Eligibility criteria

• Inclusion Criteria:
• • 1. Age ≥18 years of age at the time of signing the informed consent
• • 2. Body mass index (BMI) ≥27 kg/m2
• • 3. Have Type 2 Diabetes Mellitus according to the American Diabetes Association with HbA1c ≥ 7% to ≤ 11% at screening, on stable therapy for the last 3 months prior to Screening. Type 2 diabetes mellitus may be treated with diet/exercise alone or any oral glycemic-lowering agent (as per local labeling), EXCEPT for amylin analogues or dipeptidyl peptidase 4 (DPP-4) inhibitors or GLP-1R agonists or dual GLP-1/ glucose-dependent insulinotropic polypeptide (GIP) receptor agonists
• Exclusion Criteria:
• • 1. History of or current clinically significant medical disorder that, in the opinion of the Investigator, does not support study participation
• • 2. Self-reported body weight change of 5% or more within 3 months of screening
• • 3. Have a prior or planned surgical treatment for obesity (except for liposuction or abdominoplasty if performed \>1 year prior to screening)

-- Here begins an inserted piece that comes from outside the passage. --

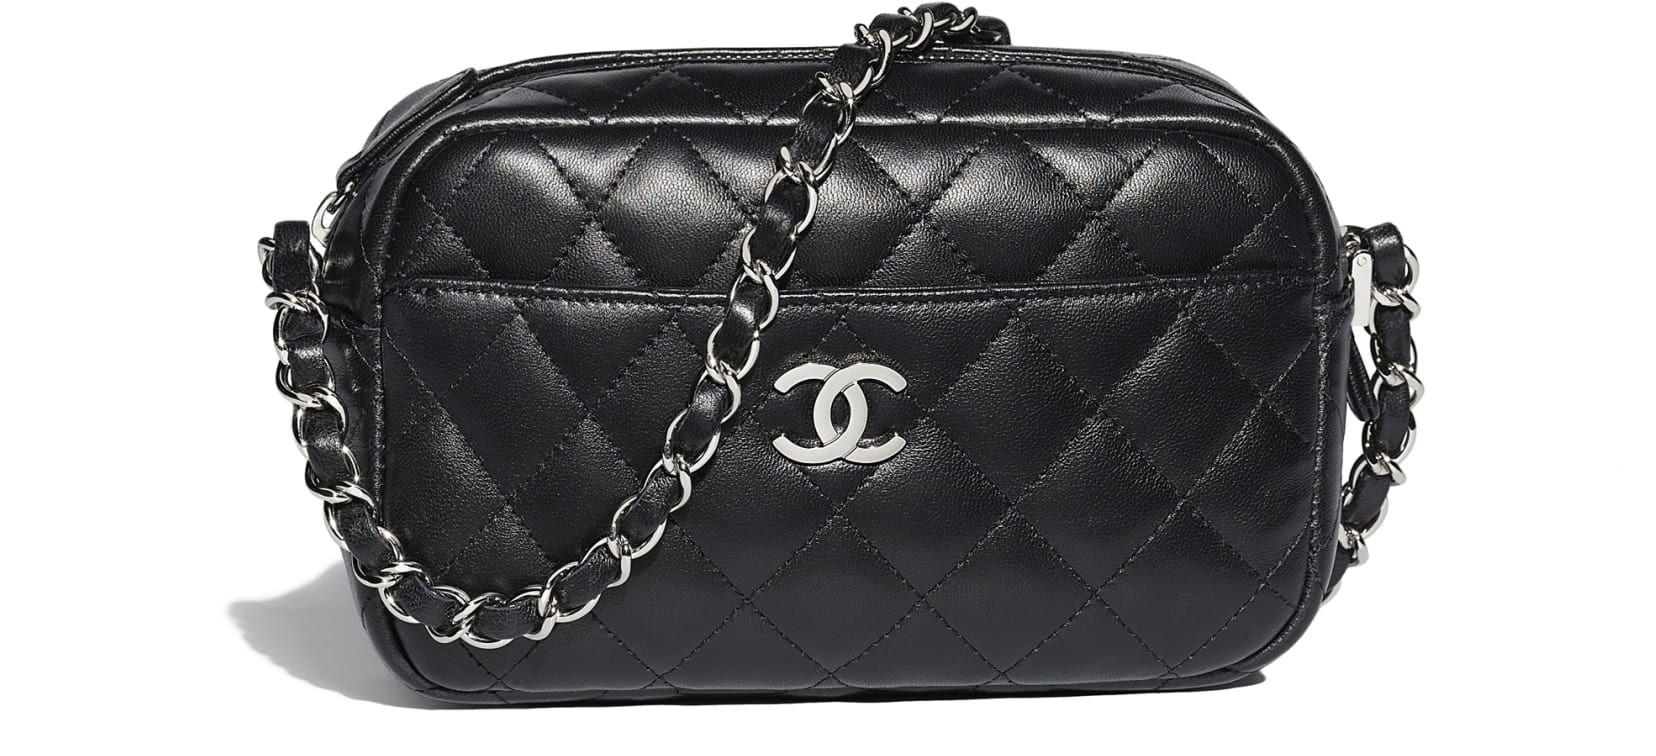 b5f4bb0fa713 Camera Case, lambskin & silver-tone metal, black - CHANEL | Chanel ...
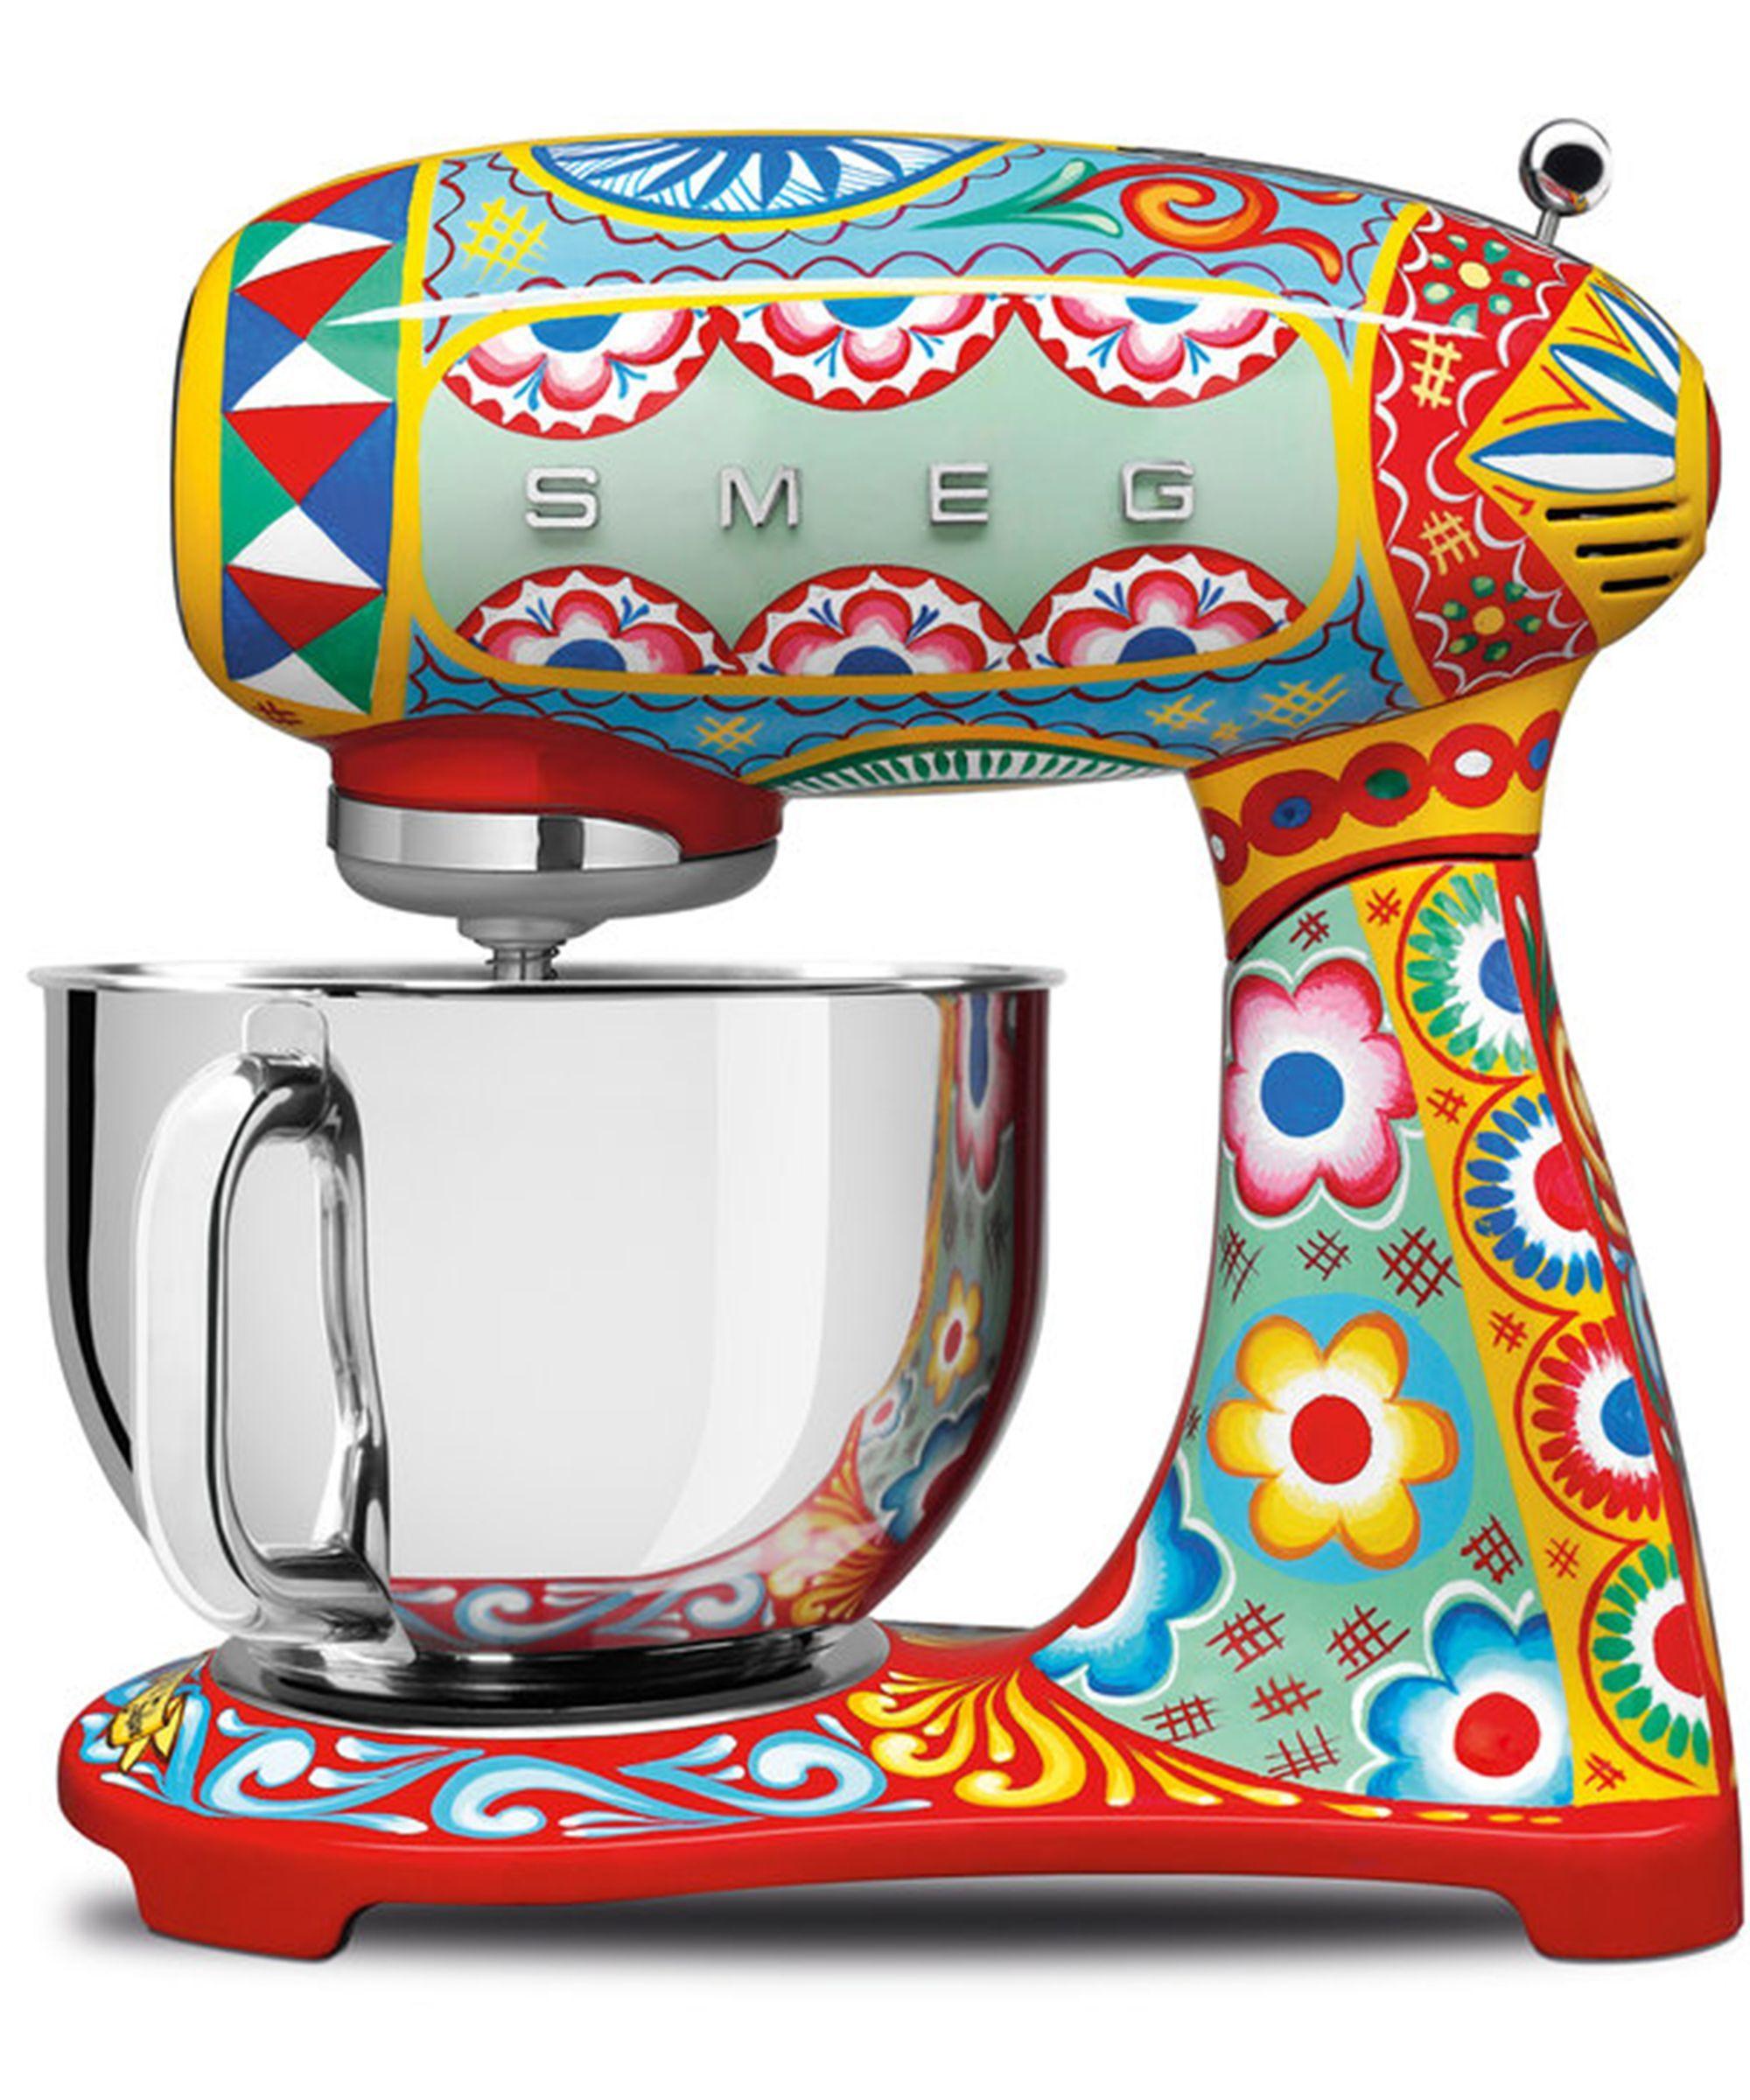 Dolce U0026 Gabbana Is Releasing A Line Of Kitchen Appliances U0026 We Want Them All

• • 4. Have or plan to have endoscopic and/or device-based therapy for obesity or have had device removal within the last 6 months prior to screening (such as mucosal ablation, gastric artery embolization, intragastric balloon, duodenal-jejunal endoluminal line)
• • 5. Have Type 1 diabetes mellitus, history of ketoacidosis or hyperosmolar state/coma or any other types of diabetes except Type 2 diabetes mellitus (T2DM)
• • 6. Have had 1 or more episodes of severe hypoglycemia and/or 1 or more episode of hypoglycemia unawareness within 6 months of screening
• • • Note: Severe hypoglycemia episodes should be considered when severe cognitive impairment requiring the assistance of another person occurs and the administration of carbohydrate, glucagon, or other resuscitative actions are required. Blood glucose (BG) measurements may not be available during such an event, but neurological recovery attributable to the restoration of BG to normal is considered sufficient evidence that the event was induced by a low BG concentration. If BG measurements are available, the levels associated with severe hypoglycemia are BG \< 54 mg/dL
• • 7. Have at least 2 confirmed fasting self-monitoring blood glucose (SMBG) values \> 270 mg/dL (on 2 non-consecutive days) within 4 weeks prior to randomization
• • 8. Have proliferative diabetic retinopathy OR diabetic macular edema OR non-proliferative diabetic retinopathy that requires acute treatment
• • 9. Personal or family history of medullary thyroid carcinoma (MTC) or multiple endocrine neoplasia type 2 (MEN2)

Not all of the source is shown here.